From the records below, print only the part that opens with the line containing "Phil Hawkins" and closes with the line containing "Cac street style"; omit the pictures.

*** Opening of Provided records ***

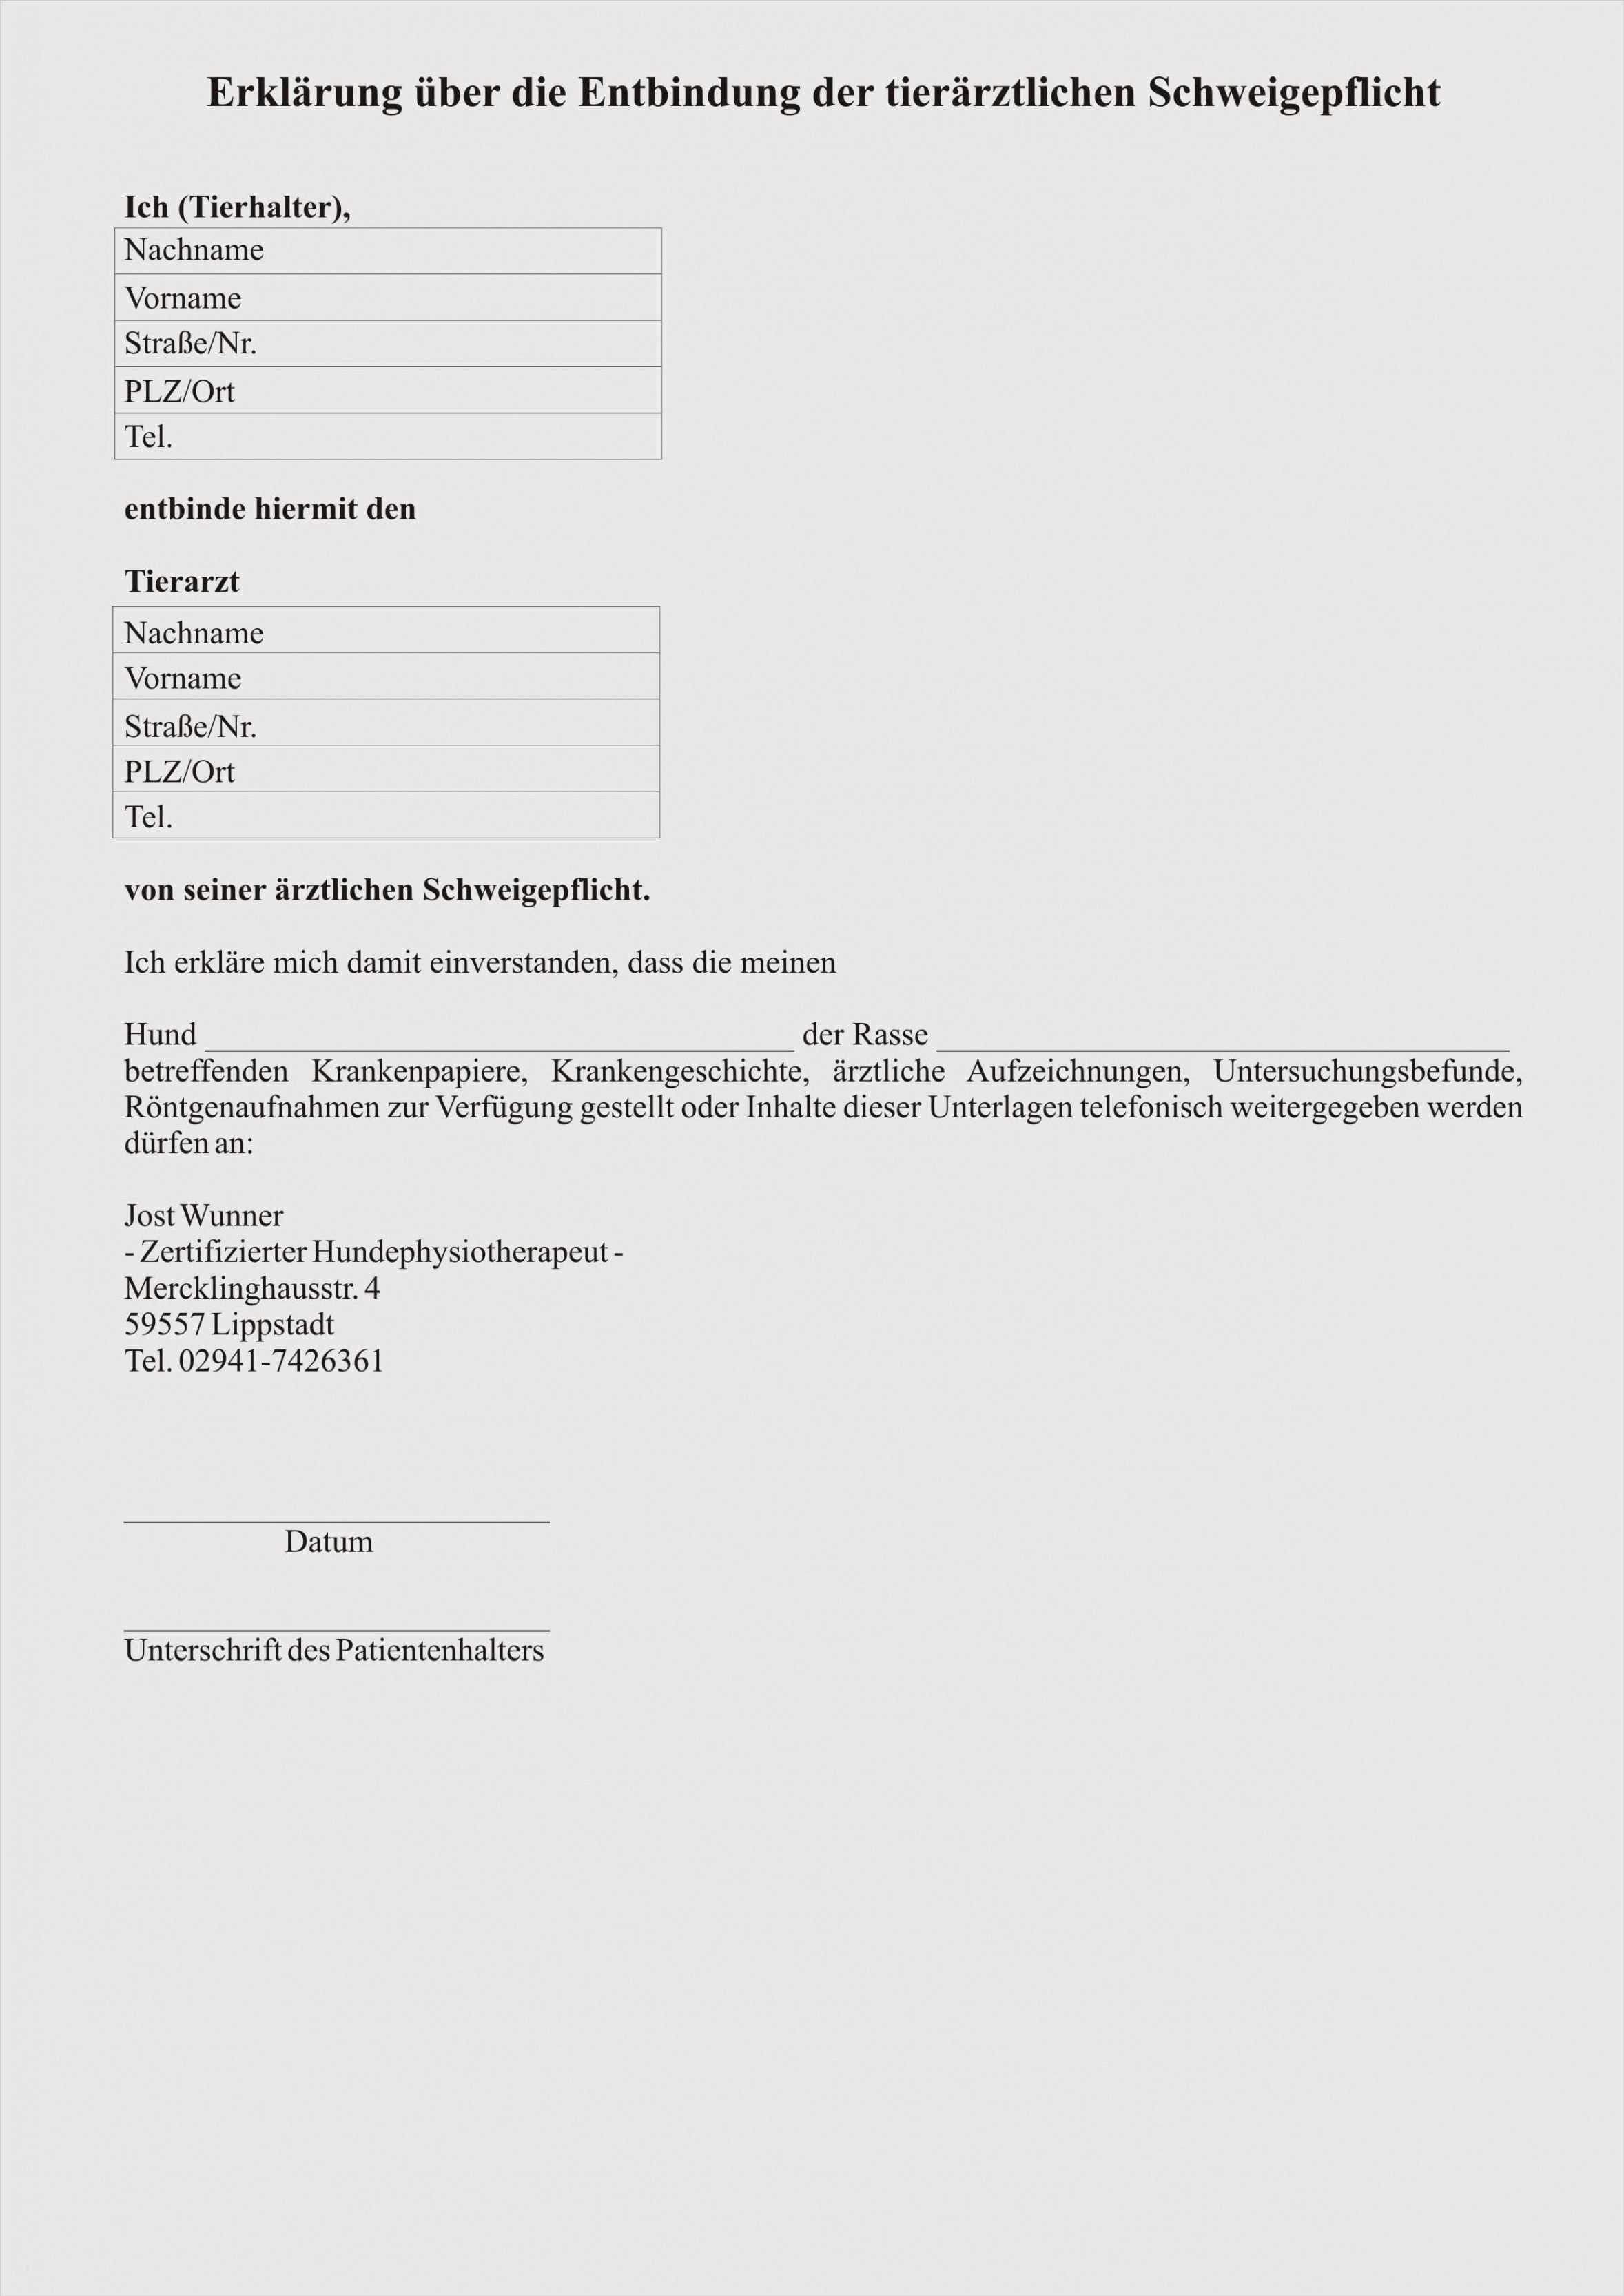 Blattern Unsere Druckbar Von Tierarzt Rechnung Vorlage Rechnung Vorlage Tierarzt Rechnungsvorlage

*** Close of Provided records ***
*** Opening of Provided records ***

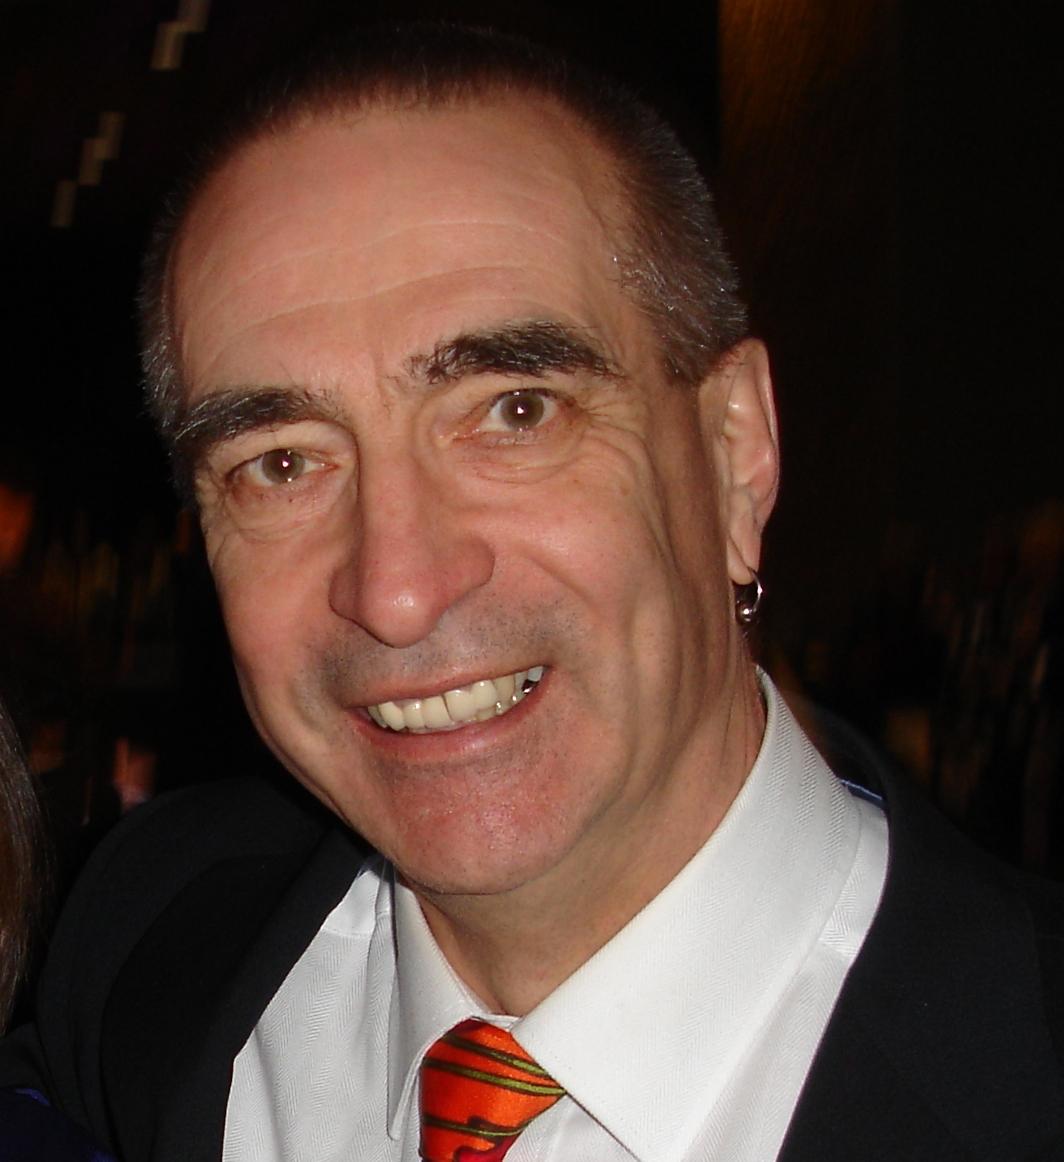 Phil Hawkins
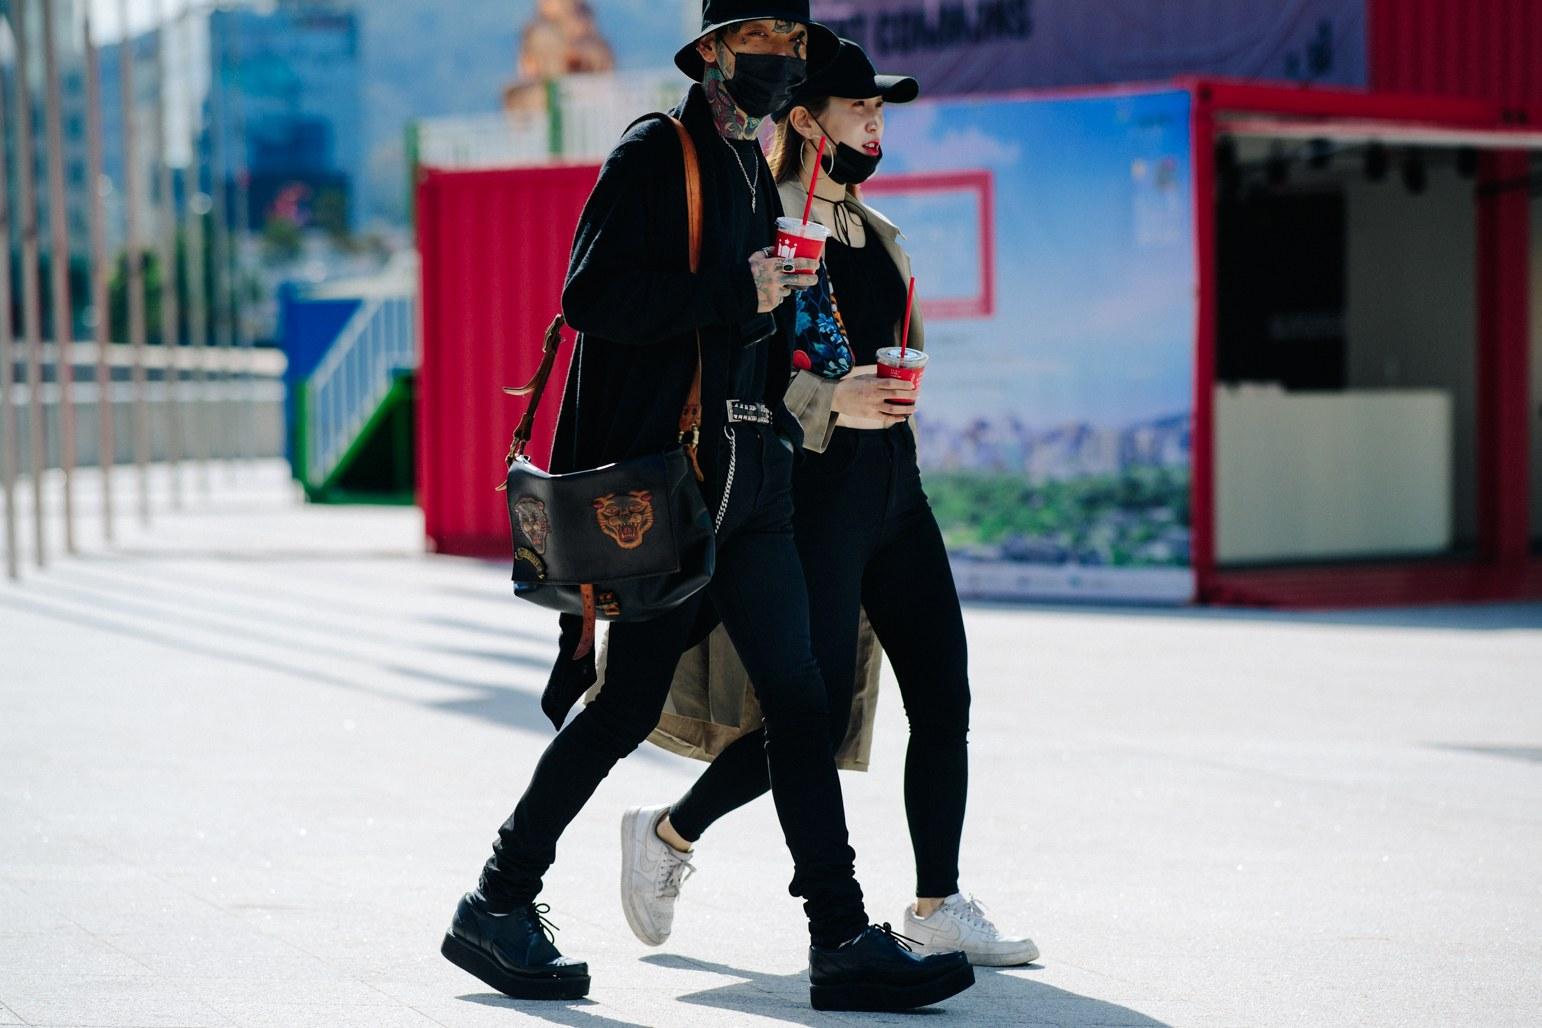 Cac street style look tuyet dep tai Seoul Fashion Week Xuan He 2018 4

*** Close of Provided records ***
*** Opening of Provided records ***

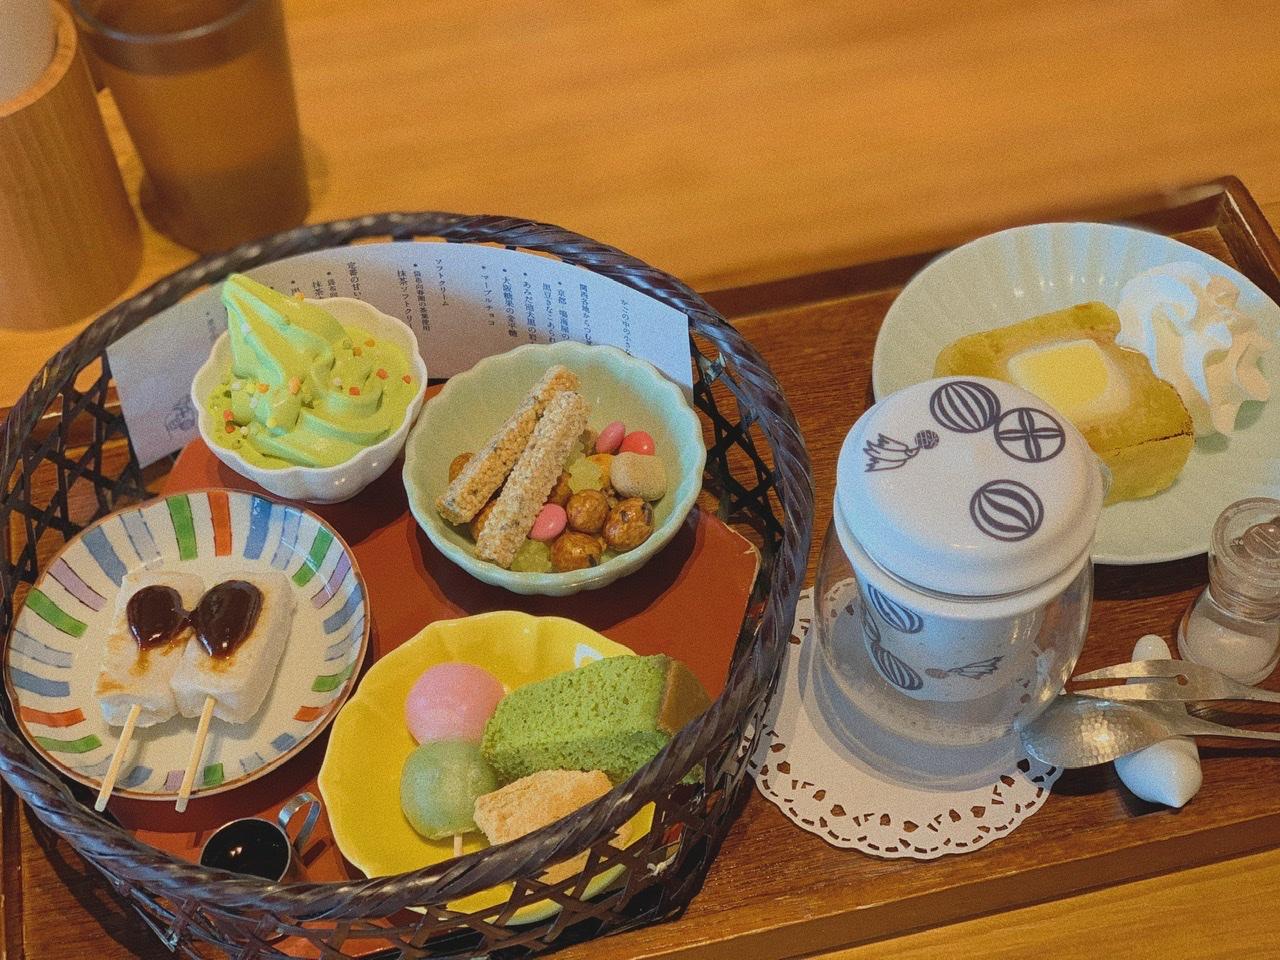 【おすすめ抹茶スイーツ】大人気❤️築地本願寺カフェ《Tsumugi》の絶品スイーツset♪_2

*** Close of Provided records ***

- **Answer for the task**:
 Phil Hawkins
 Cac street style look tuyet dep tai Seoul Fashion Week Xuan He 2018 4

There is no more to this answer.